V1.PodSecurityContext

None of the PodSecurityContext fields work on Windows. They're listed here for reference.

  • V1.PodSecurityContext.SELinuxOptions - SELinux is not available on Windows
  • V1.PodSecurityContext.RunAsUser - provides a UID, not available on Windows
  • V1.PodSecurityContext.RunAsGroup - provides a GID, not available on Windows
  • V1.PodSecurityContext.RunAsNonRoot - Windows does not have a root user. The closest equivalent is ContainerAdministrator which is an identity that doesn't exist on the node.
  • V1.PodSecurityContext.SupplementalGroups - provides GID, not available on Windows
  • V1.PodSecurityContext.Sysctls - these are part of the Linux sysctl interface. There's no equivalent on Windows.

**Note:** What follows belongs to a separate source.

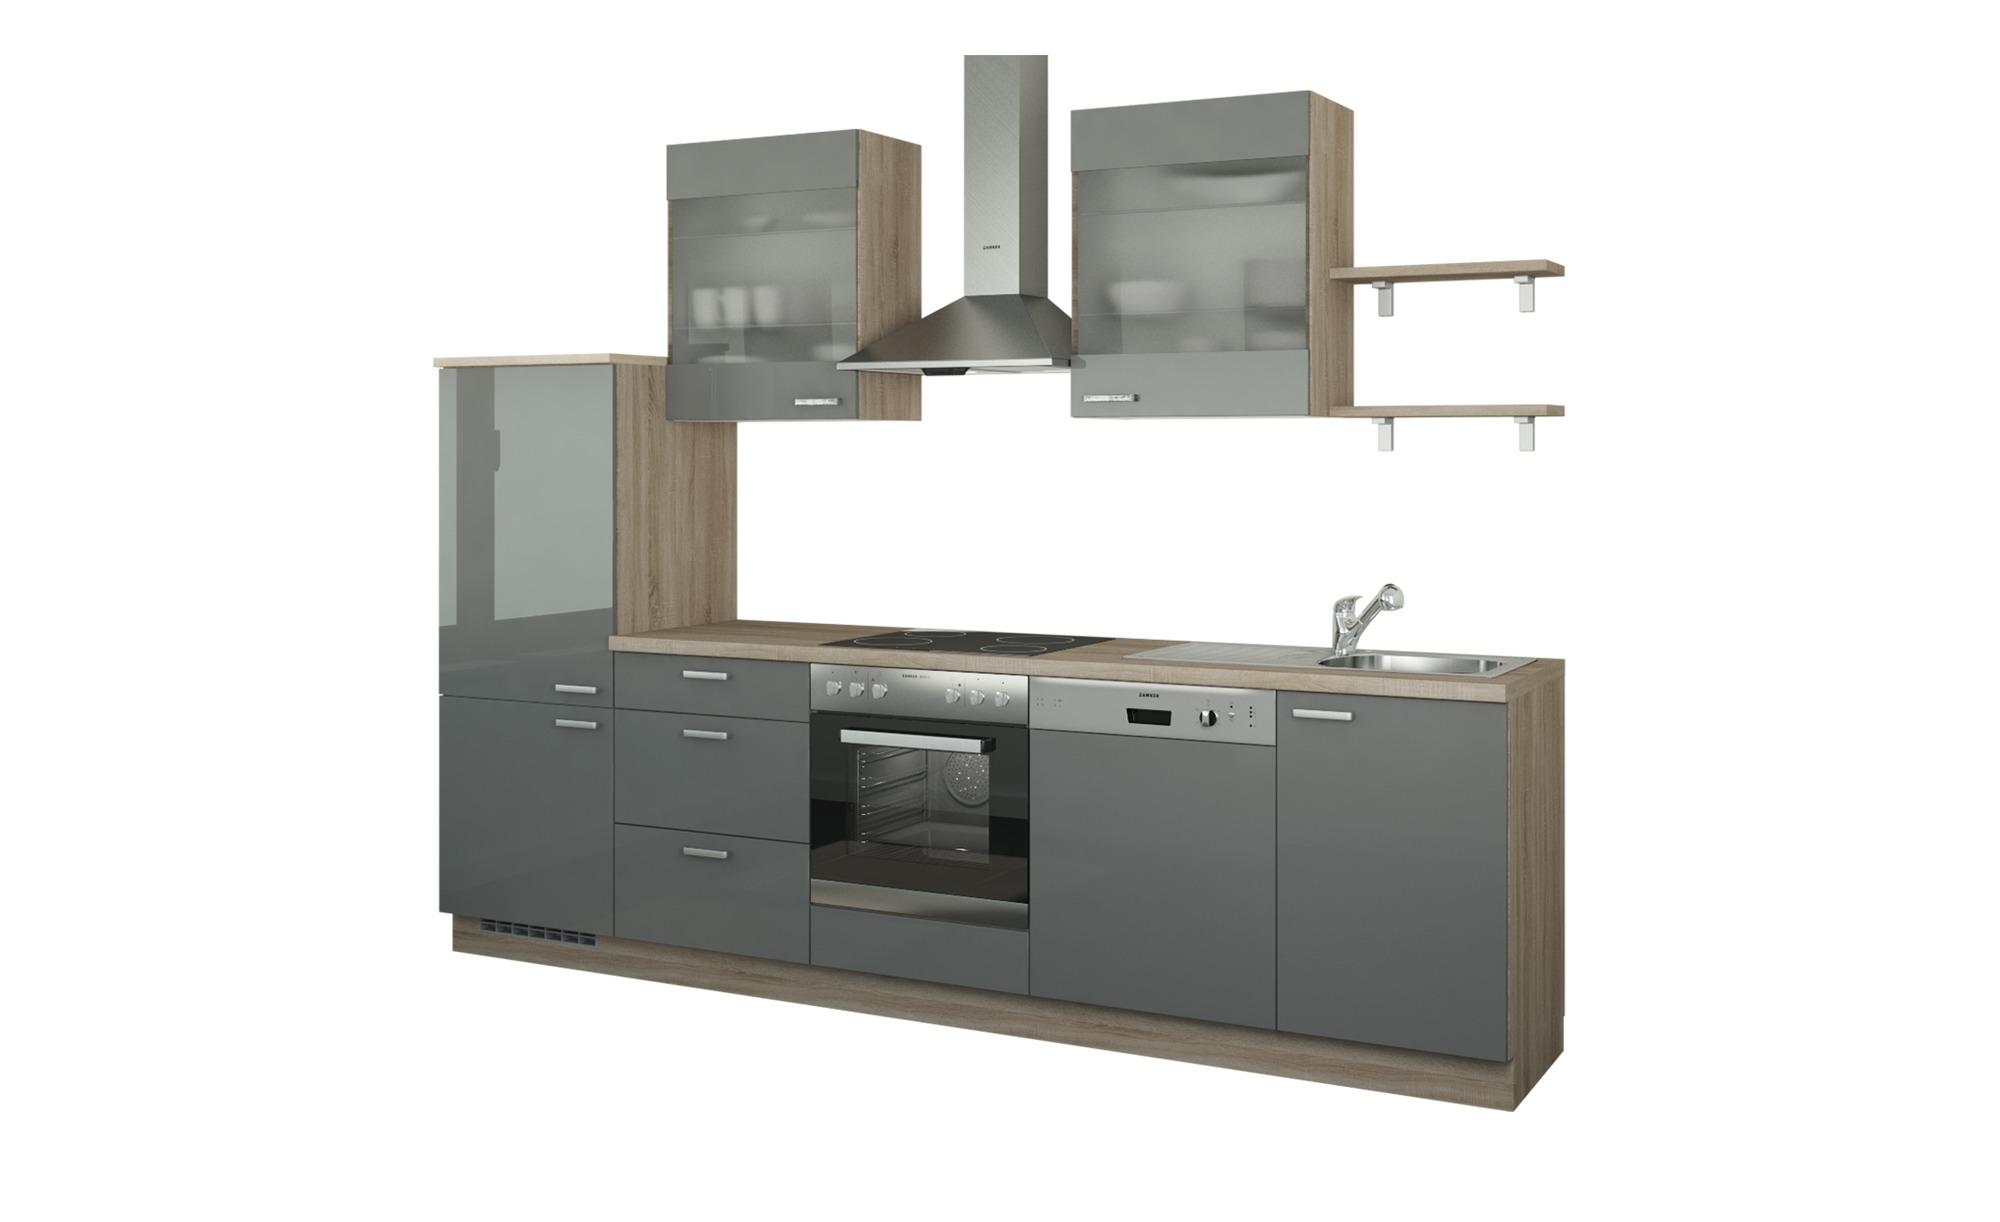 Küchenzeile ohne Elektrogeräte  Hamburg ¦ Maße (cm): B: 290 Küchen > Küchenblöcke ohne E-Geräte - Höffner
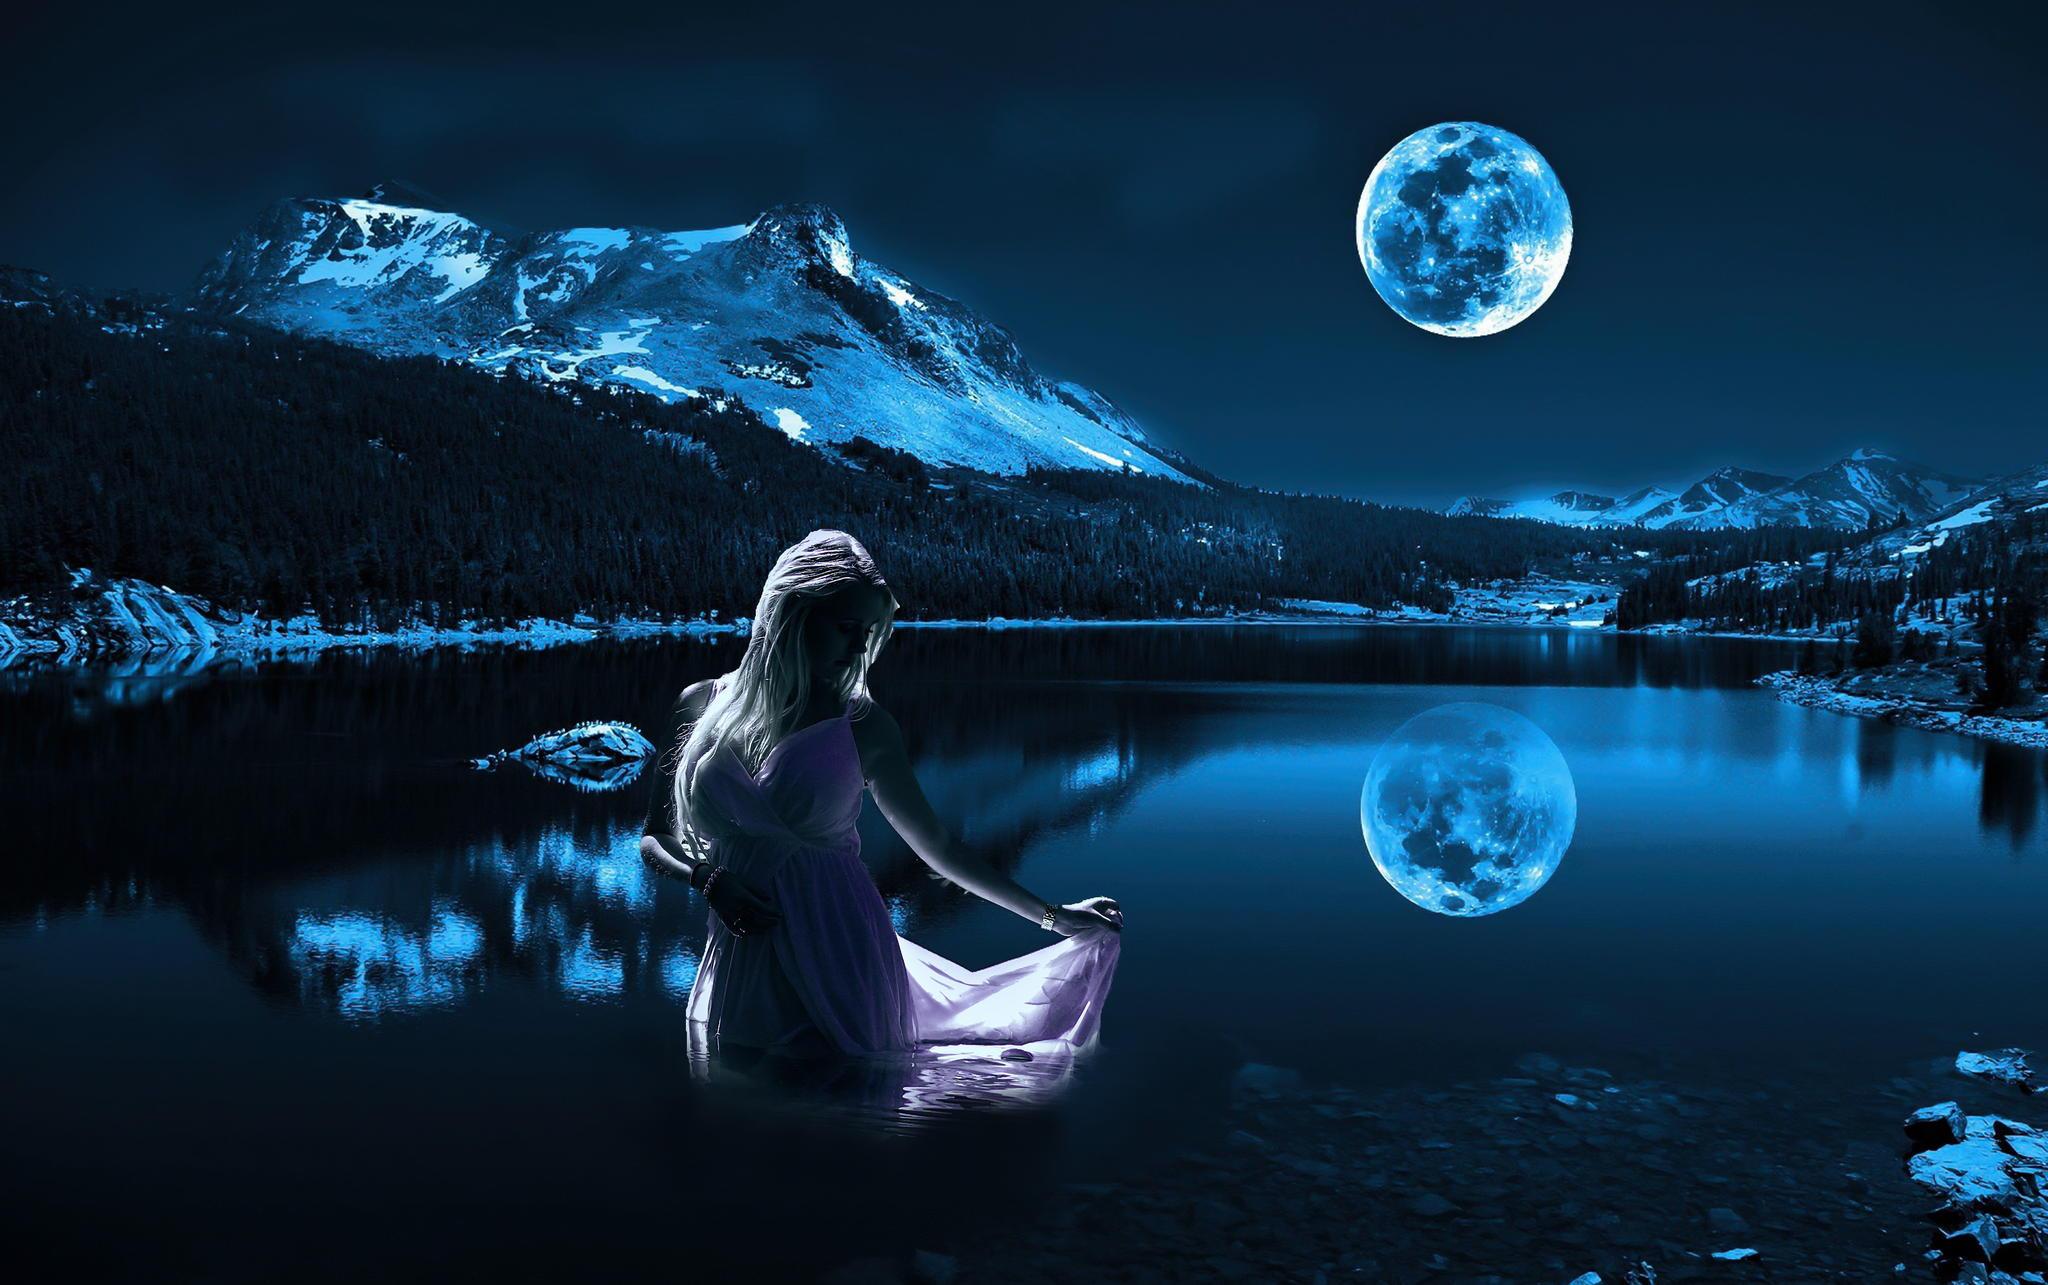 Лунная зимняя ночь картинки первую

Getting Help and Troubleshooting

Your main source of help for troubleshooting your Kubernetes cluster should start with this section. Some additional, Windows-specific troubleshooting help is included in this section. Logs are an important element of troubleshooting issues in Kubernetes. Make sure to include them any time you seek troubleshooting assistance from other contributors. Follow the instructions in the SIG-Windows contributing guide on gathering logs.

  1. How do I know start.ps1 completed successfully?

    You should see kubelet, kube-proxy, and (if you chose Flannel as your networking solution) flanneld host-agent processes running on your node, with running logs being displayed in separate PowerShell windows. In addition to this, your Windows node should be listed as "Ready" in your Kubernetes cluster.

  2. Can I configure the Kubernetes node processes to run in the background as services?

    Kubelet and kube-proxy are already configured to run as native Windows Services, offering resiliency by re-starting the services automatically in the event of failure (for example a process crash). You have two options for configuring these node components as services.

    1. As native Windows Services

      Kubelet & kube-proxy can be run as native Windows Services using sc.exe.

      # Create the services for kubelet and kube-proxy in two separate commands
      sc.exe create <component_name> binPath= "<path_to_binary> --service <other_args>"
      
      # Please note that if the arguments contain spaces, they must be escaped.
      sc.exe create kubelet binPath= "C:\kubelet.exe --service --hostname-override 'minion' <other_args>"
      
      # Start the services
      Start-Service kubelet
      Start-Service kube-proxy
      
      # Stop the service
      Stop-Service kubelet (-Force)
      Stop-Service kube-proxy (-Force)
      
      # Query the service status
      Get-Service kubelet
      Get-Service kube-proxy
      
    2. Using nssm.exe

      You can also always use alternative service managers like nssm.exe to run these processes (flanneld, kubelet & kube-proxy) in the background for you. You can use this sample script, leveraging nssm.exe to register kubelet, kube-proxy, and flanneld.exe to run as Windows services in the background.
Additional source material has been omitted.